Synthesis, functionalization, and bioconjugation of MSNs

A detailed description of the synthesis, the surface functionalization, and conjugation procedures can be found in the “Supplementary materials” section. Briefly, MSNs were synthesized according to previously published protocols.22,32,33 Surfactant-extracted MSNs were functionalized with PEI by surface hyperbranching polymerization of PEI as previously reported to yield PEI-MSNs.34 Both plain MSNs and PEI-MSNs were further functionalized with PEG utilizing the primary amine groups of either the aminosilane (for plain MSNs) or terminal ends of PEI (for PEI-MSNs). Particles (50 mg) were dispersed in chloroform and were allowed to react with 12.5 mg hexamethylene diisocyanate (HMDI)- activated methoxy-PEG (mPEG)29,35 (Supplementary materials) in the presence of 5 μL N,N-diisopropylethylamine (DIPEA) overnight at 60°C under reflux. After the reaction, the particles were washed with ethanol and vacuum-dried to yield PEG-MSNs and PEG-PEI-MSNs. To obtain FA-conjugated MSNs, we followed the protocol previously described.36 To obtain FA-PEG-MSNs and FA-PEG-PEI-MSNs, maleimide (mal)-PEG-OH was reacted with HMDI to activate the −OH group of mal-PEG (similarly as mPEG activation) and further conjugated with folic acid-thiol.

Particle characterization methods

The particles were characterized according to previously reported methods.22,32,33 A detailed description can be found in the “Supplementary materials” section.

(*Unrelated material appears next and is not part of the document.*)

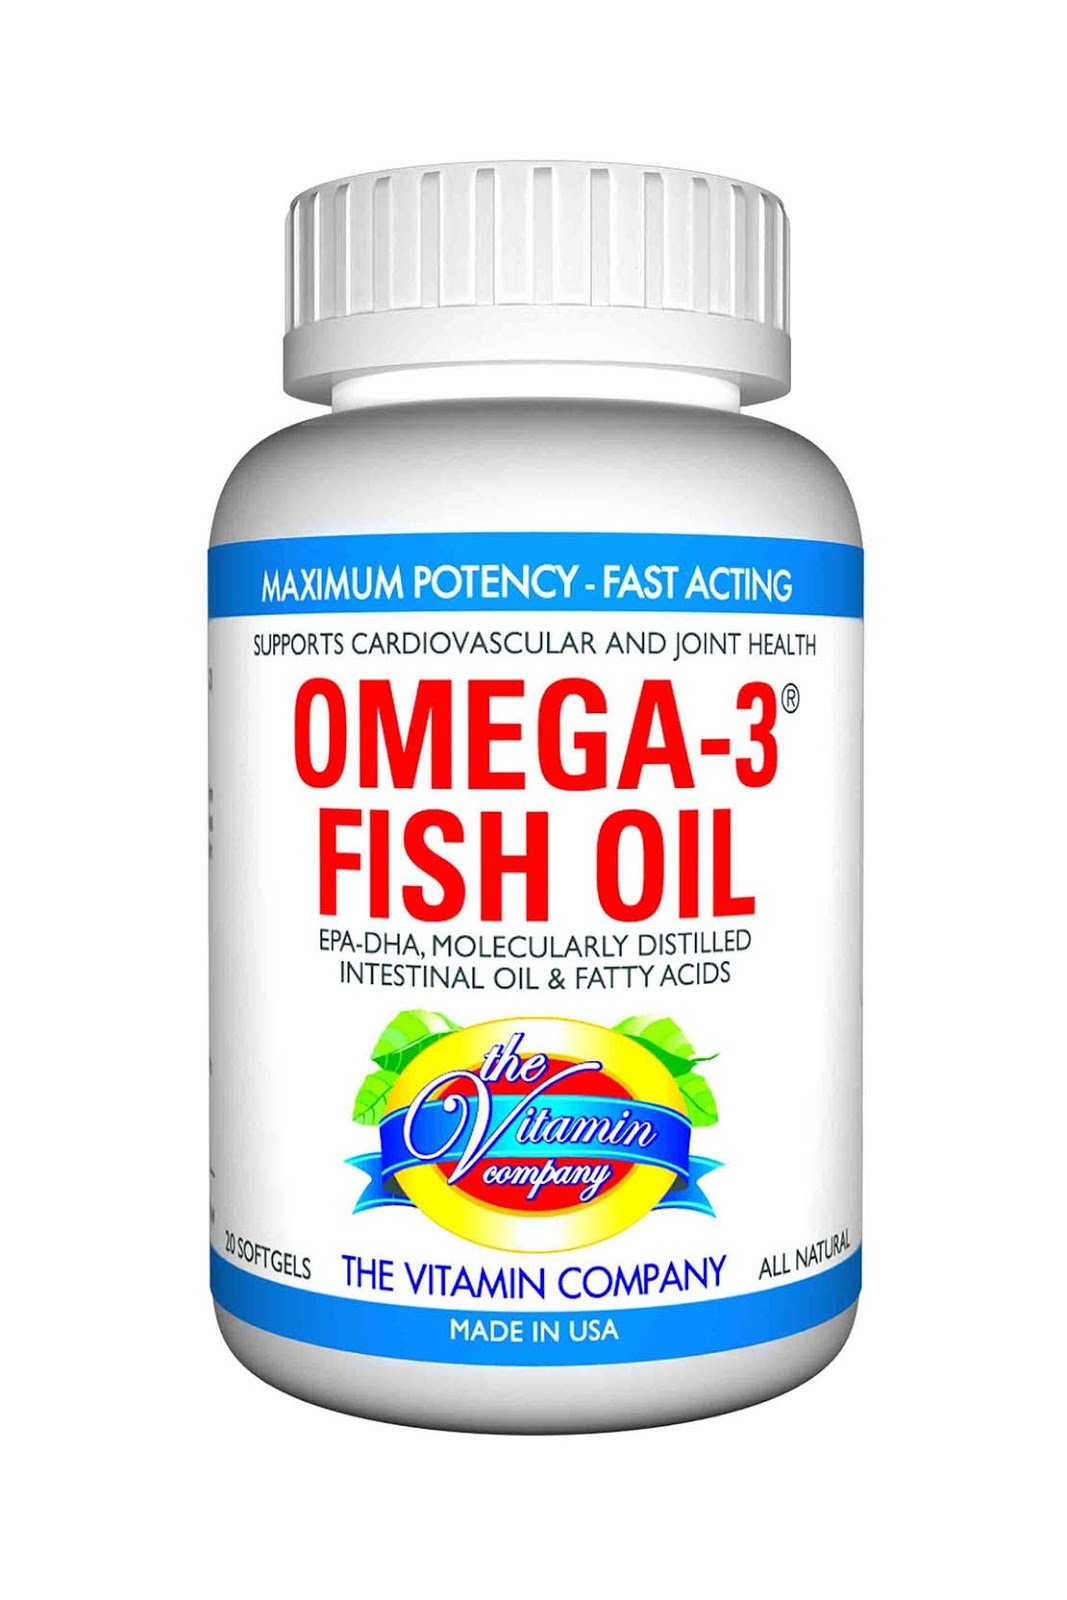 The Vitamin company: Omega 3 Fish Oil Supplements ...

Cellular uptake studies by fluorescence-assisted cell sorting and confocal microscopy

Cellular uptake studies by fluorescence-assisted cell sorting and confocal microscopy were performed as previously described.32,33 A detailed description can be found in the “Supplementary materials” section.

Particle stability under simulated GI tract conditions

Stock suspensions of empty and DAPT (N-[N-(3,5-difluorophenacetyl)-l-alanyl]-S-phenylglycine t-butyl ester) loaded MSNs (PEG-PEI-MSNs and DAPT/PEG-PEI-MSNs) were prepared in 4-(2-hydroxyethyl)-1-piperazineethane-sulfonic acid (HEPES) buffer (pH 7.2) at a concentration of 4 mg/mL. The untreated baseline samples (0 time point) were collected directly on transmission electron microscopy (TEM) grids and allowed to dry overnight. For the GI stability experiment, Spectra/Por® Float-A-Lyzer® G2 dialysis membrane of fixed 1 mL volume was used to transfer particles from HEPES to simulated gastric fluid (SGF), and further to simulated intestinal fluid (SIF). The dialysis membranes were washed and preconditioned according to the manufacturer’s guidelines. Additionally, the membranes were preincubated with SGF [2.0 g of sodium chloride and 3.2 g of purified pepsin (derived from porcine gastric mucosa; product number 77161; CAS Number 9001-75-6), Sigma; Sigma-Aldrich, St Louis, MO, USA] in 7.0 mL of hydrochloric acid and water up to 1,000 mL for an hour before use. The membranes were filled with 1 mL of PEG-PEI-MSN or DAPT/PEG-PEI-MSN suspension, and the outer chamber was filled with 9 mL of SGF. The buffer volume was selected according to the extracellular fluid volume in mice, which is approximately 5–8 mL (according to body weight).37 The samples were kept at 37°C with agitation for 2 hours in the SGF. After that, a small amount of samples were placed on a TEM grid and allowed to dry. The SGF in the outer chamber was collected for high-performance liquid chromatography (HPLC) analysis. Subsequently, the samples were moved to the chamber containing 9 mL of SIF (6.8 g of monobasic potassium phosphate in 250 mL of water and then 77 mL of 0.2 N sodium hydroxide and 500 mL of water; 10.0 g of pancreatin [from porcine pancreas, Sigma] is added, and the resulting solution is adjusted to a pH of 6.8±0.1 and finally diluted to 1,000 mL) and transferred back to 37°C with agitation for 6 hours. After the end of incubation, the samples were collected on a TEM grid for electron microscopy. The remaining sample in the membrane was collected for HPLC analysis of DAPT. The TEM analysis was done using JEM-1400 Plus Transmission Electron Microscope (JEOL Ltd., Tokyo, Japan), and the HPLC was done using an HPLC system (Agilent, Santa Clara, CA, USA).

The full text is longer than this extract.